- Episode no.: Season 5 Episode 5
- Directed by: Christopher Hodson
- Written by: John Hawkesworth
- Production code: 5
- Original air date: 5 October 1975

Episode chronology
| ← Previous "The Joy Ride" | Next → "An Old Flame" |

= Wanted – A Good Home =

"Wanted – A Good Home" is the fifth episode of the fifth and final series of the period drama Upstairs, Downstairs. It first aired on 5 October 1975 on ITV.

==Background==
"Wanted - A Good Home" was recorded in the studio on 6 and 7 March 1975, with the location footage having been filmed on 26 February in Eaton Place in Belgravia. John Hawkesworth, who wrote this episode, based some of the events seen in "Wanted - a Good Home" on his own childhood, having had a governess himself.

==Cast==
- Angela Baddeley - Mrs Bridges
- Gordon Jackson - Hudson
- Jean Marsh - Rose
- Hannah Gordon - Virginia Bellamy
- David Langton - Richard Bellamy
- Shirley Cain - Miss Treadwell
- Jenny Tomasin - Ruby
- Peter Forest - Bert
- Jacqueline Tong - Daisy
- Gareth Hunt - Frederick
- Anne Yarker - Alice Hamilton
- Jonathan Seely - William Hamilton
- Tracey Childs - Jennifer Chivers
- Danvers - Thimble

==Plot==
It is the spring of 1922 and William, who is now eight years old, is off to a boarding preparatory school. After asking Virginia, Rose buys Alice a small dog, called "Thimble", to keep Alice company after William leaves.
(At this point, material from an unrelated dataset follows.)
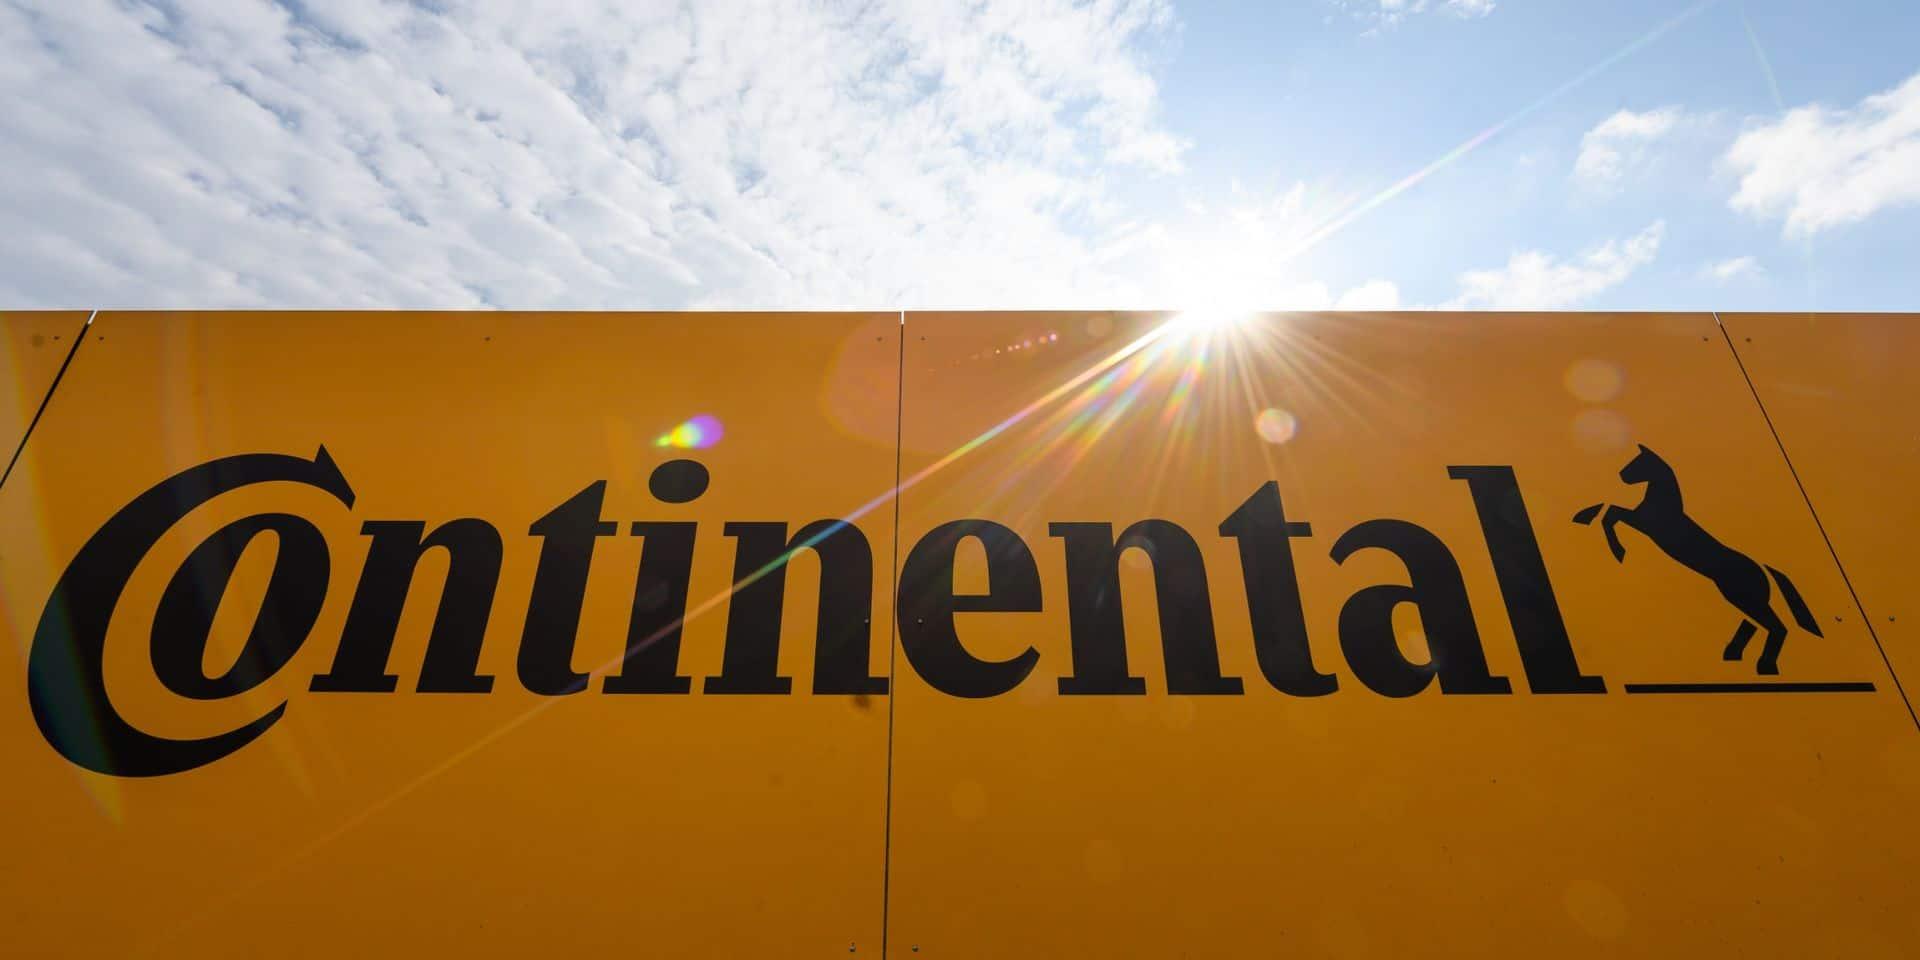 140 emplois menacés chez Continental à Malines

Shortly after William leaves, Richard and Virginia go to France. Miss Treadwell, the governess, has been put in charge in their absence and annoys the servants by taking tea in the morning room. The servants are dismayed when she has Alice given bread and water for a meal as a punishment for misbehaviour. Jennifer Chivers, a friend, joins Alice for her lessons with Miss Treadwell. When Thimble chews Miss Treadwell's shoe, she orders the dog to be presented to her the following morning so she can have it put down. However, the servants hide Thimble in Edward and Daisy's room above the garage, and tell Miss Treadwell and Alice that it has gone "missing". It reappears moments after Richard and Virginia return home.

Miss Treadwell immediately complains about the behaviour of the servants, making many accusations against them. Virginia dismisses Miss Treadwell with four weeks wages in lieu of notice. It is decided that instead of having another governess, Alice will go to a day school in London - which Alice is very happy about.